## Data to examine
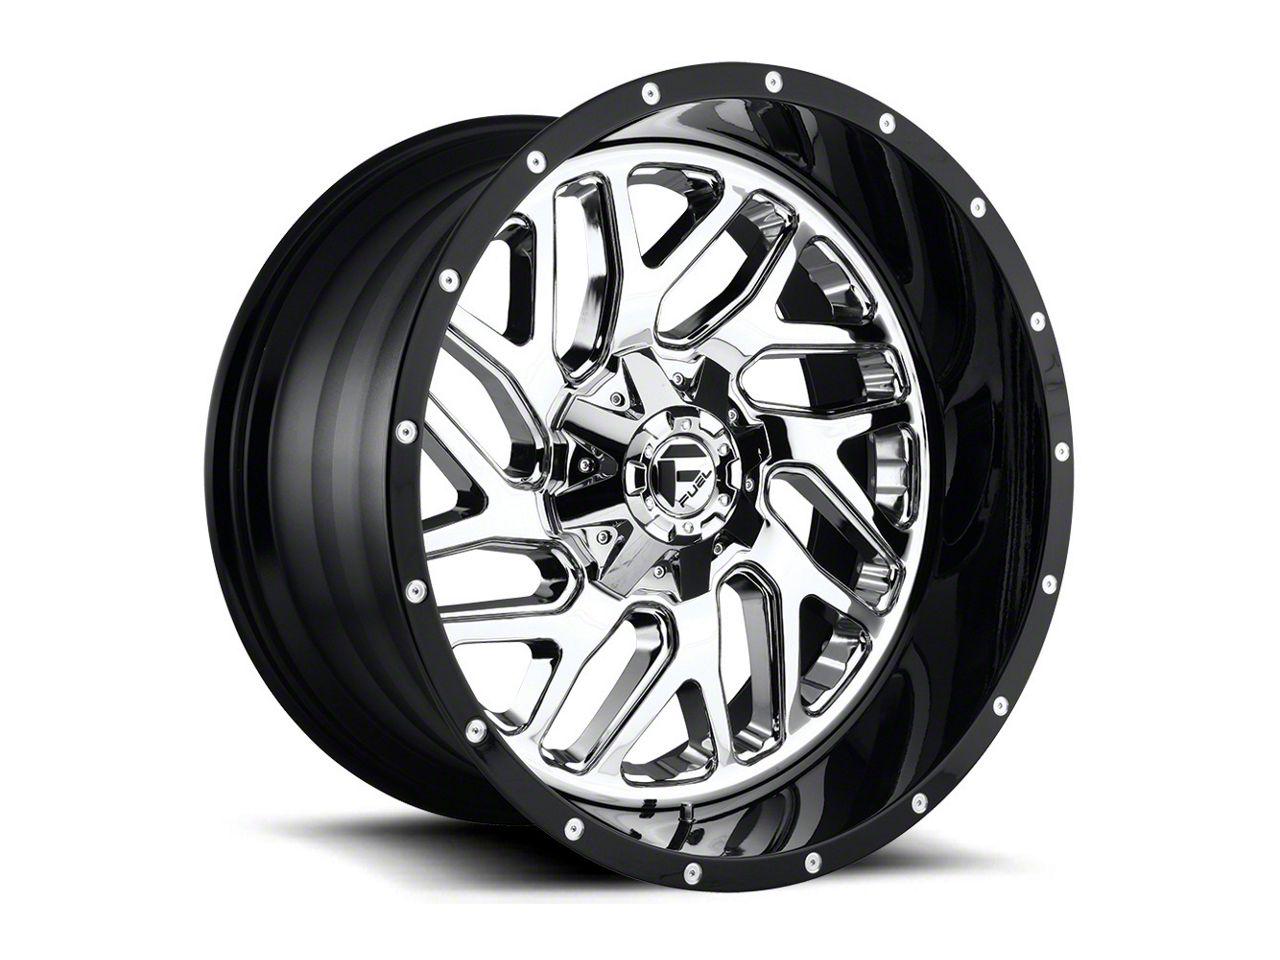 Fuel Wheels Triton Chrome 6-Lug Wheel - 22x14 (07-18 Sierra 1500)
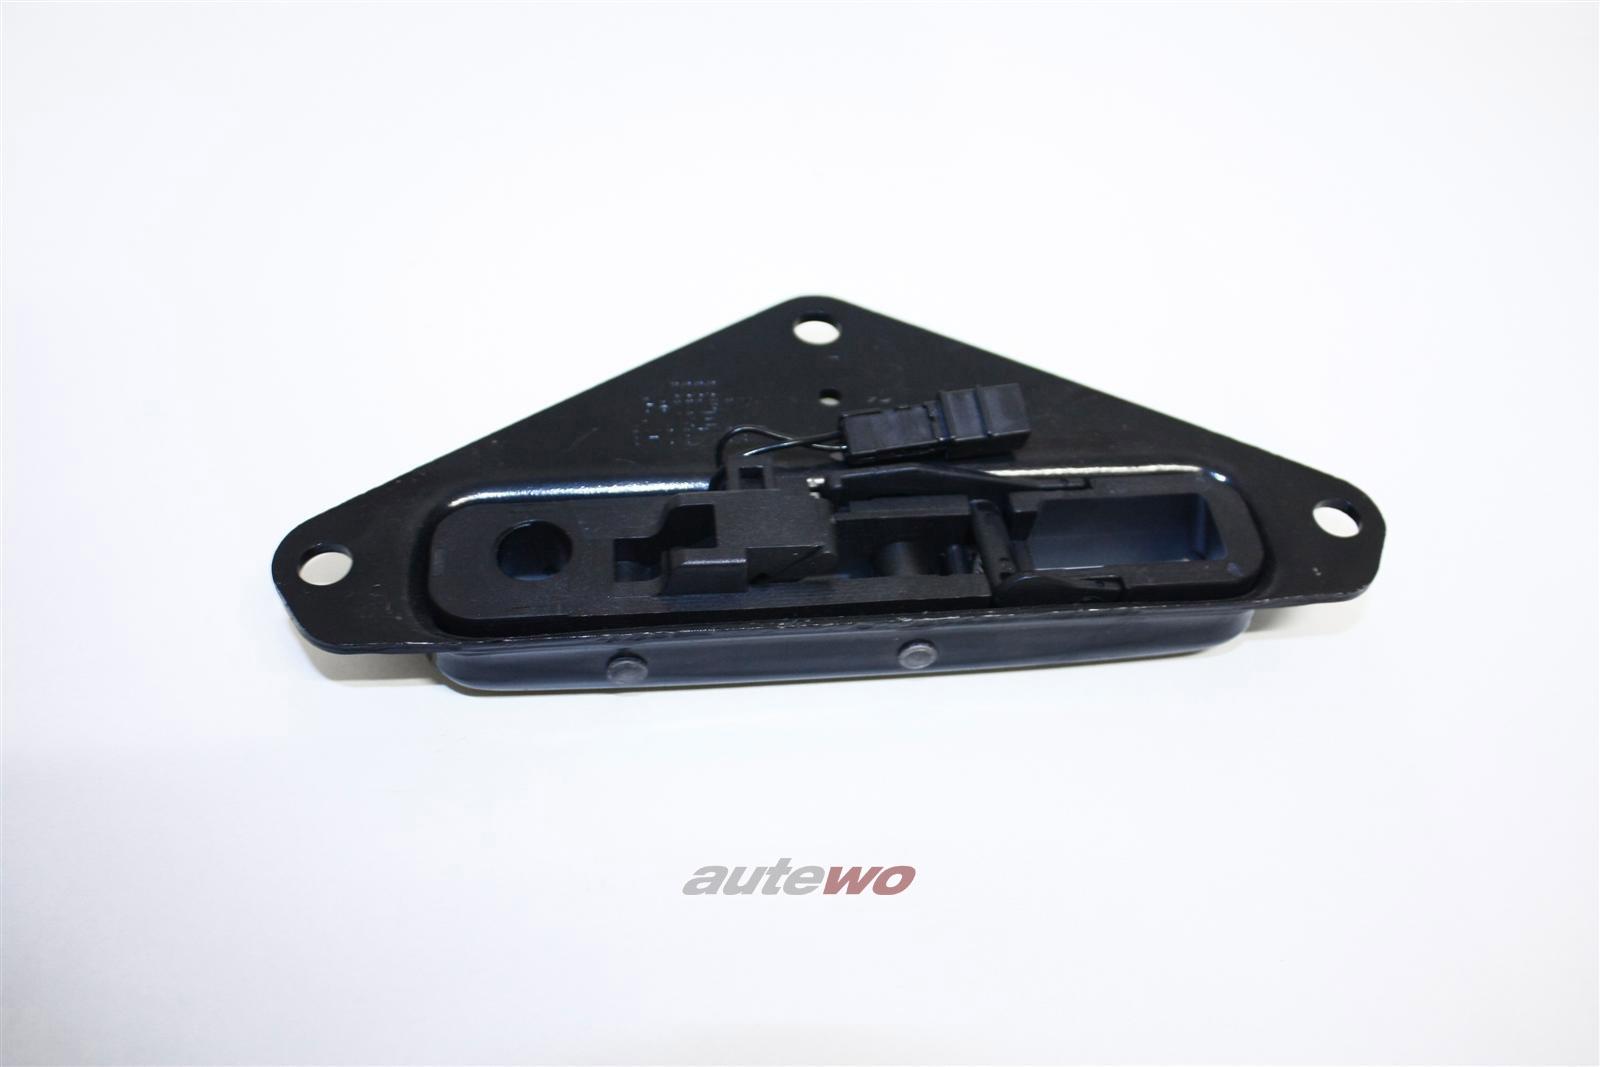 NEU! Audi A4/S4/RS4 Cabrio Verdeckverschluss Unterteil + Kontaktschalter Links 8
--
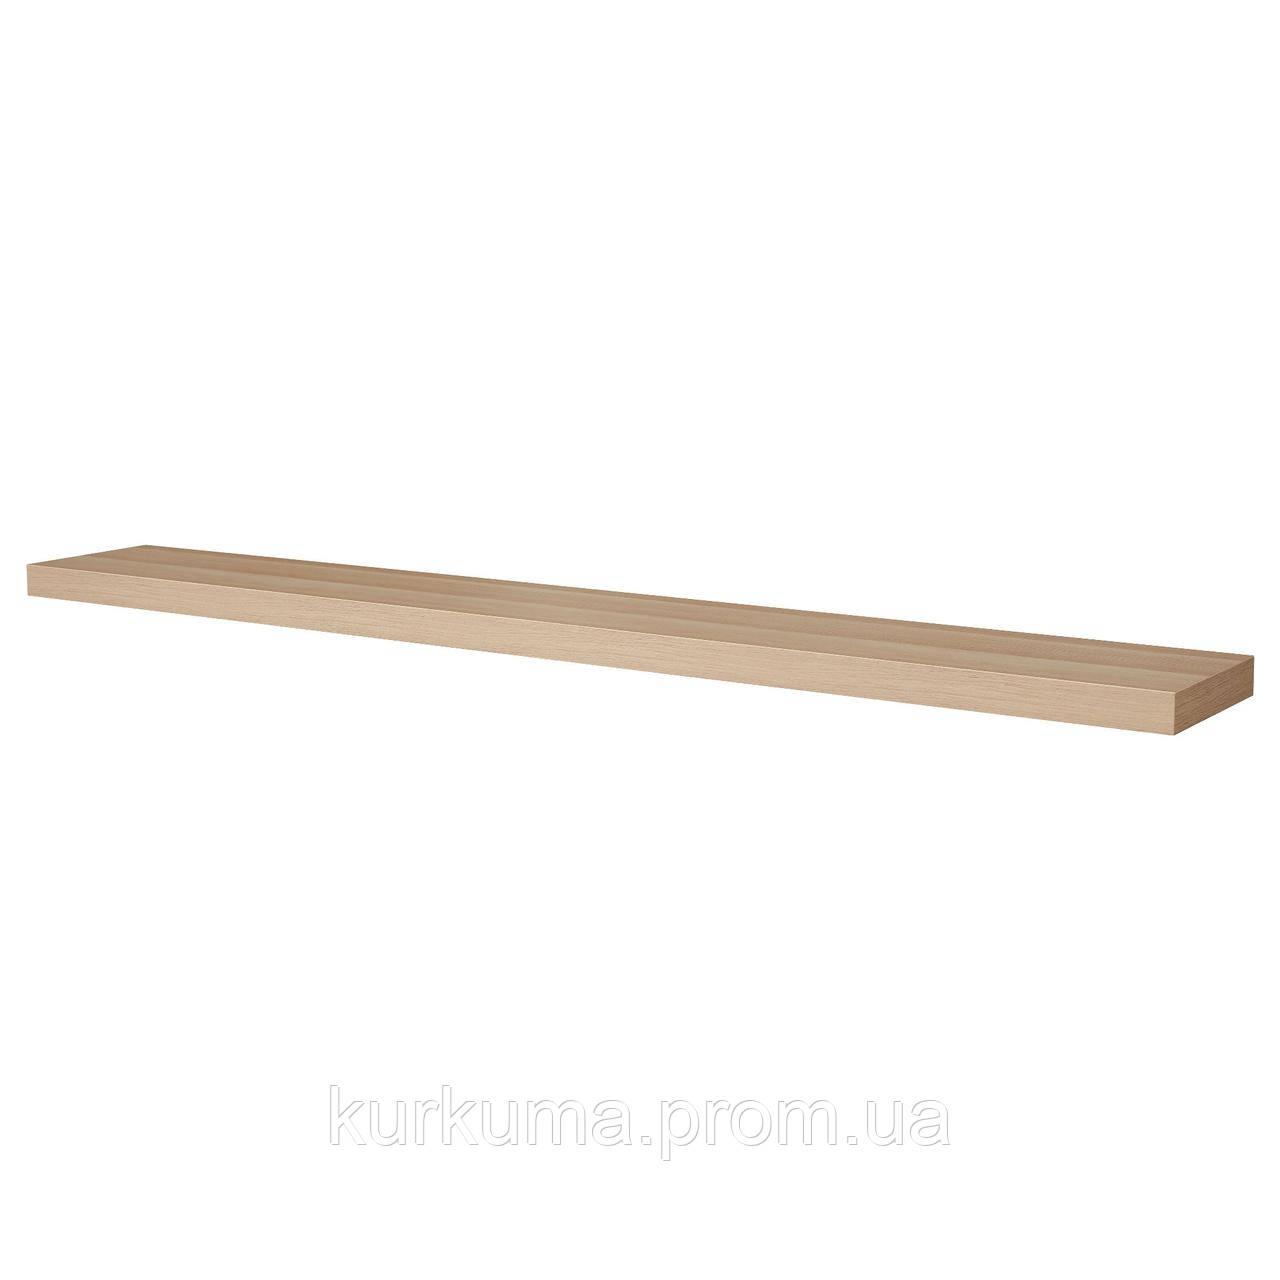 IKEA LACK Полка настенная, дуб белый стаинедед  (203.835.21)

## Work item
From the material above, give again exactly the lines from the one that contains "Fuel Wheels Triton" through the one that contains "NEU! Audi A4/S4/RS4", and leave out the pictures.

## Exercise solution
 Fuel Wheels Triton Chrome 6-Lug Wheel - 22x14 (07-18 Sierra 1500)
 NEU! Audi A4/S4/RS4 Cabrio Verdeckverschluss Unterteil + Kontaktschalter Links 8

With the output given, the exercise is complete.